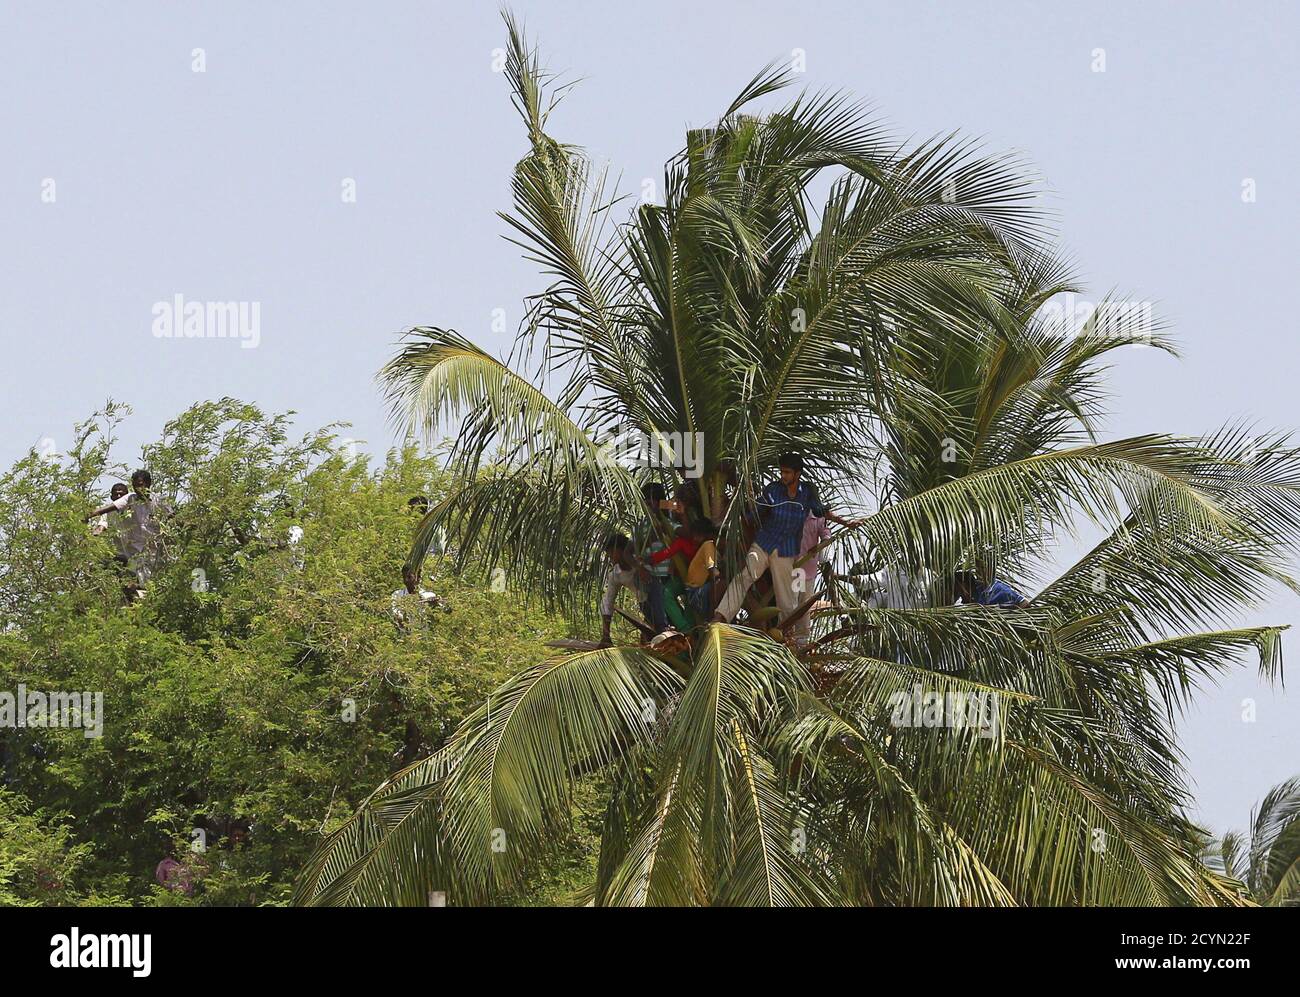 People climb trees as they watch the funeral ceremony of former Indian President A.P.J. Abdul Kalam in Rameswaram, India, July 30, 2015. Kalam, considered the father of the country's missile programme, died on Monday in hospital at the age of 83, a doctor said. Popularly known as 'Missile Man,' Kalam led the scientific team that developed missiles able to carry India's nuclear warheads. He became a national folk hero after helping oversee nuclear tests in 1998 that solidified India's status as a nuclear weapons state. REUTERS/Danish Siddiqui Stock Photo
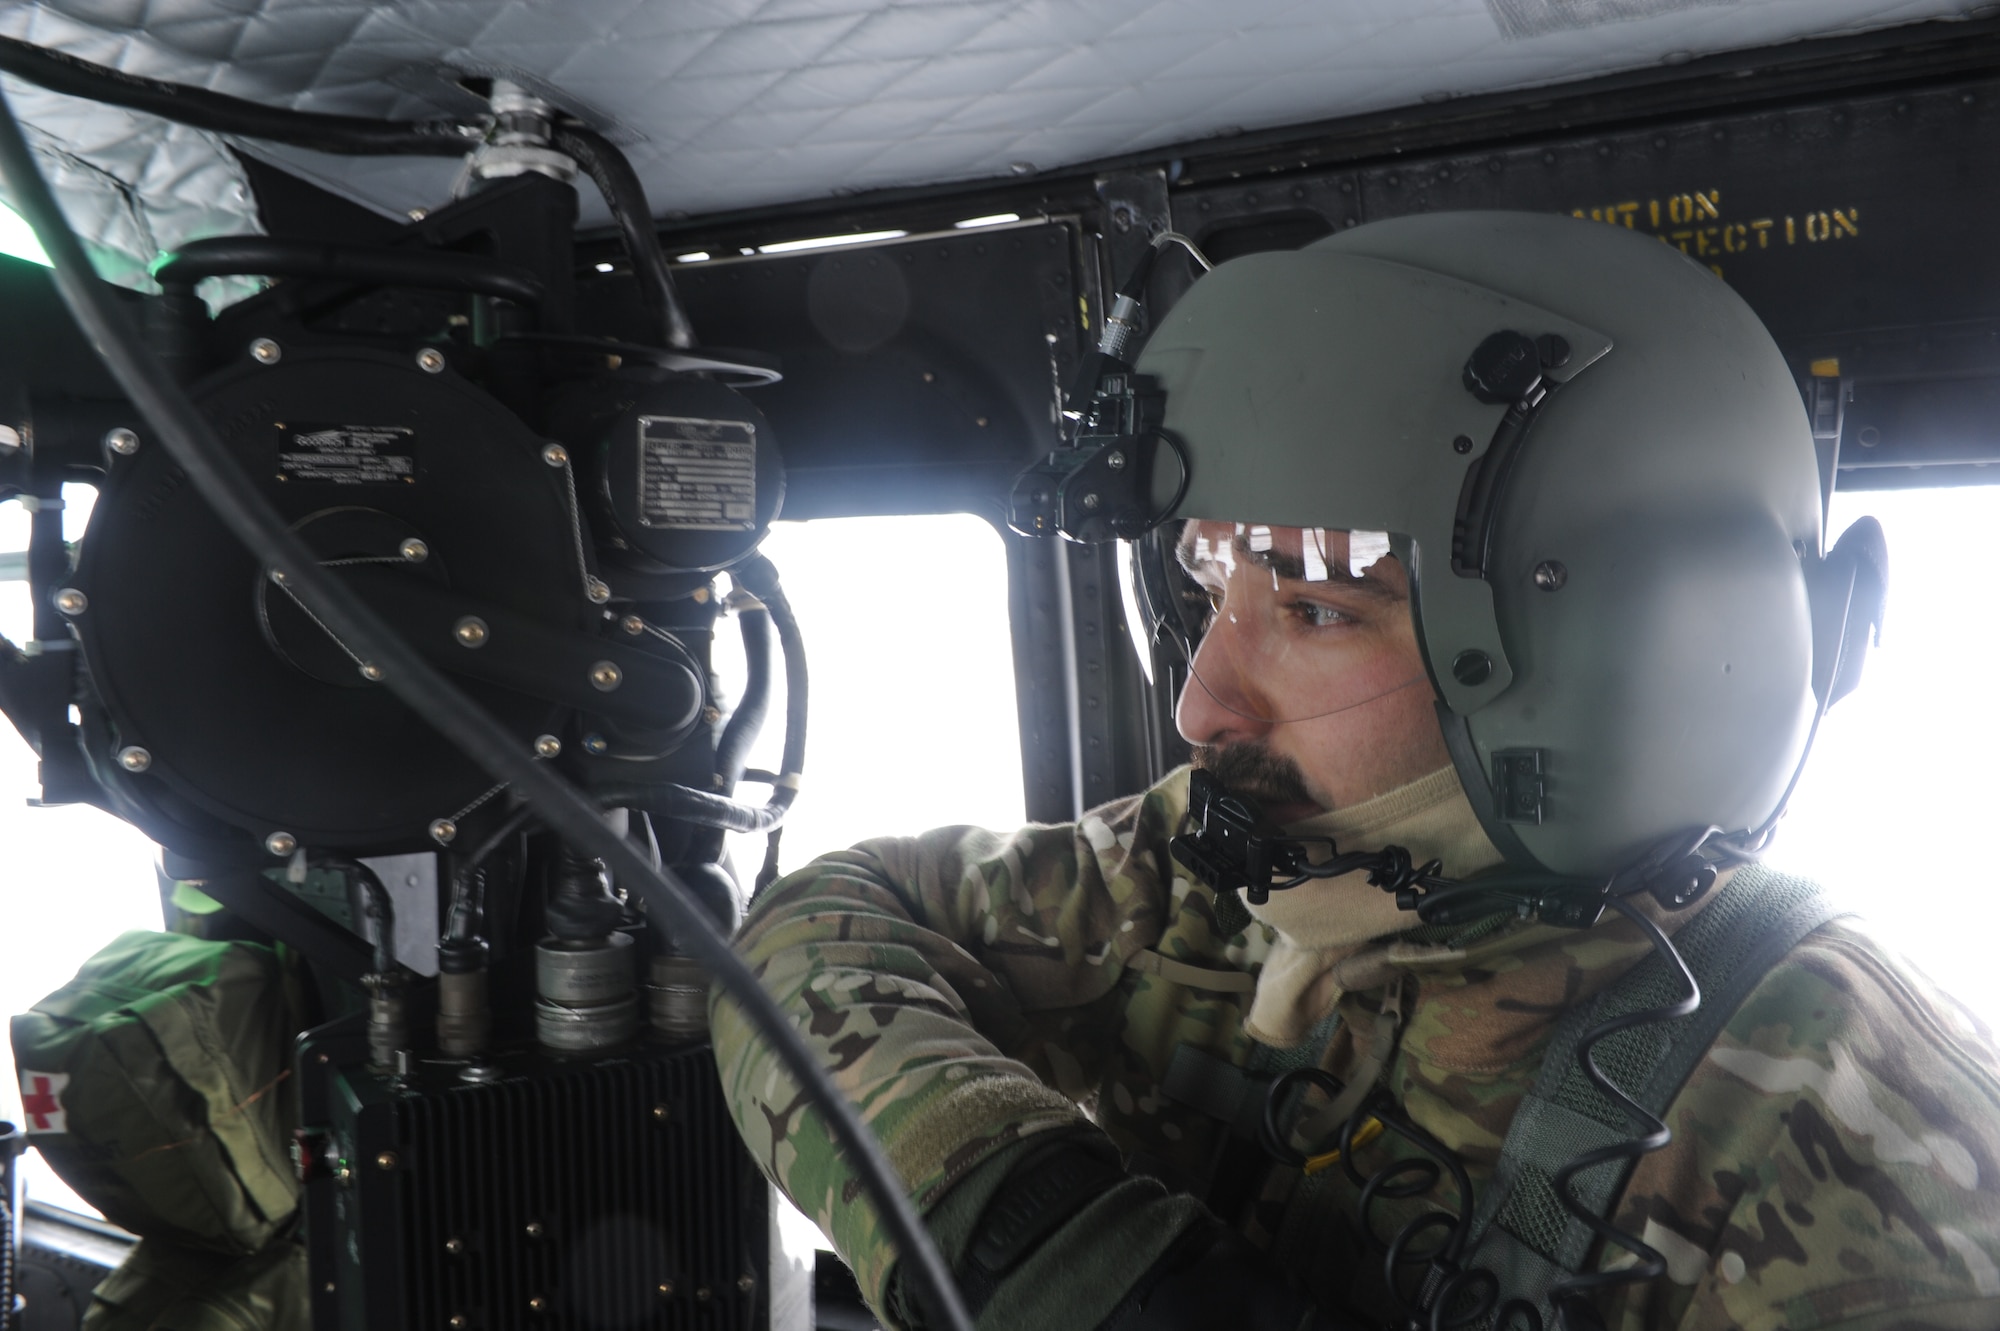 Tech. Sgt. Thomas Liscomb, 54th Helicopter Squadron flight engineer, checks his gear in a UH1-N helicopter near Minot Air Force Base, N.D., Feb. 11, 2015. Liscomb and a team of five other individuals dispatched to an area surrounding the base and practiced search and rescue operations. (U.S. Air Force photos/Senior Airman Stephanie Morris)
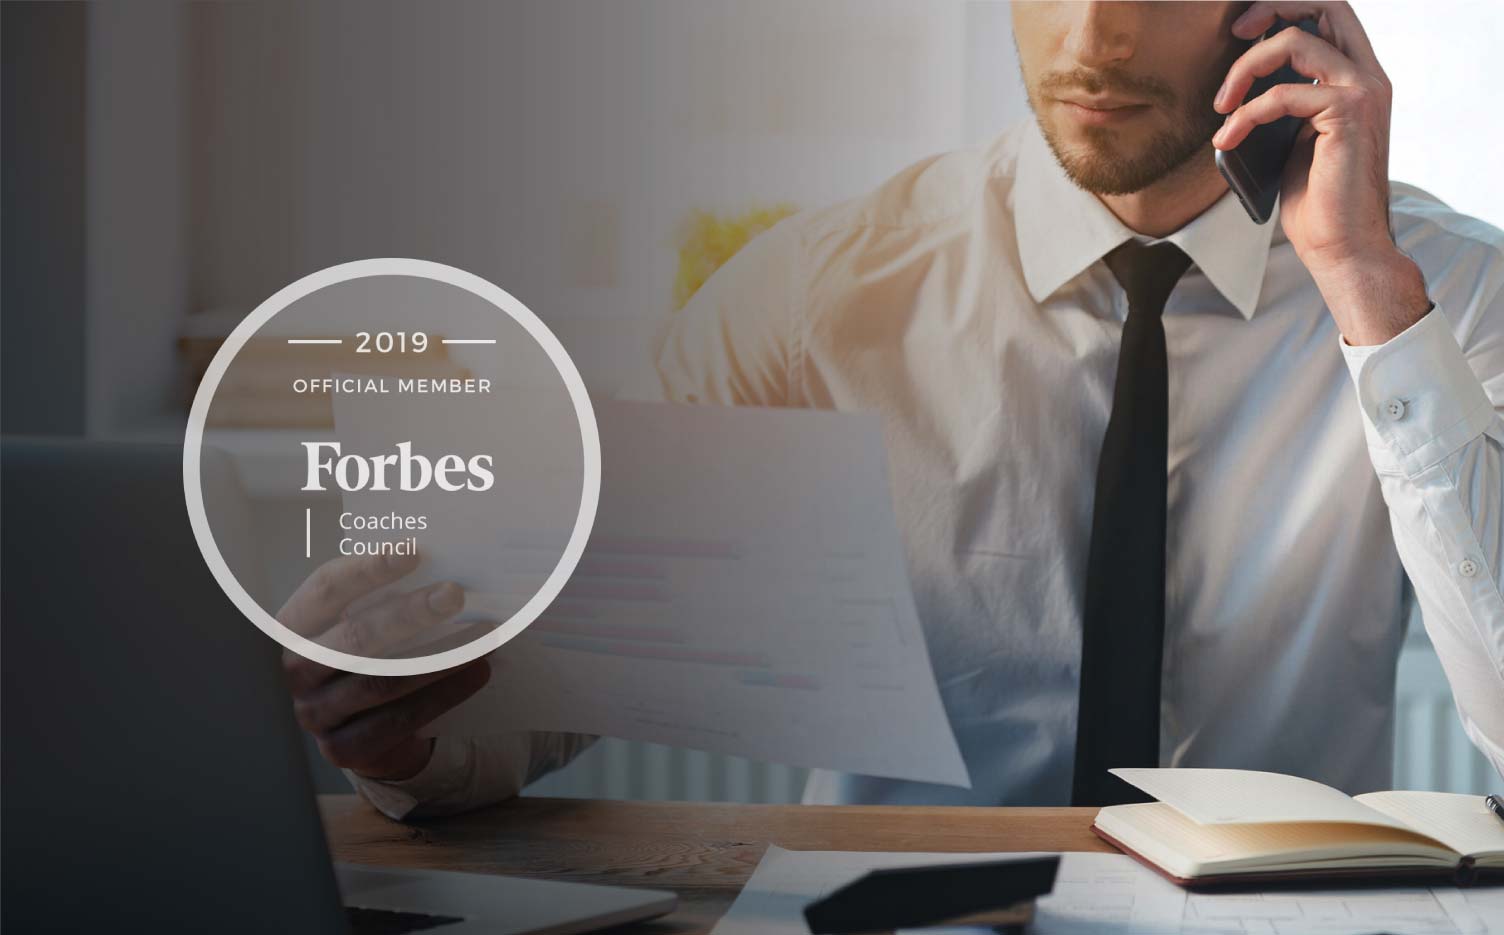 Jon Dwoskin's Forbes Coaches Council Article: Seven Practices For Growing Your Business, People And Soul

#####

With the pictures removed, return the listing above in its exact original wording.

 People climb trees as they watch the funeral ceremony of former Indian President A.P.J. Abdul Kalam in Rameswaram, India, July 30, 2015. Kalam, considered the father of the country's missile programme, died on Monday in hospital at the age of 83, a doctor said. Popularly known as 'Missile Man,' Kalam led the scientific team that developed missiles able to carry India's nuclear warheads. He became a national folk hero after helping oversee nuclear tests in 1998 that solidified India's status as a nuclear weapons state. REUTERS/Danish Siddiqui Stock Photo
 Tech. Sgt. Thomas Liscomb, 54th Helicopter Squadron flight engineer, checks his gear in a UH1-N helicopter near Minot Air Force Base, N.D., Feb. 11, 2015. Liscomb and a team of five other individuals dispatched to an area surrounding the base and practiced search and rescue operations. (U.S. Air Force photos/Senior Airman Stephanie Morris)
 Jon Dwoskin's Forbes Coaches Council Article: Seven Practices For Growing Your Business, People And Soul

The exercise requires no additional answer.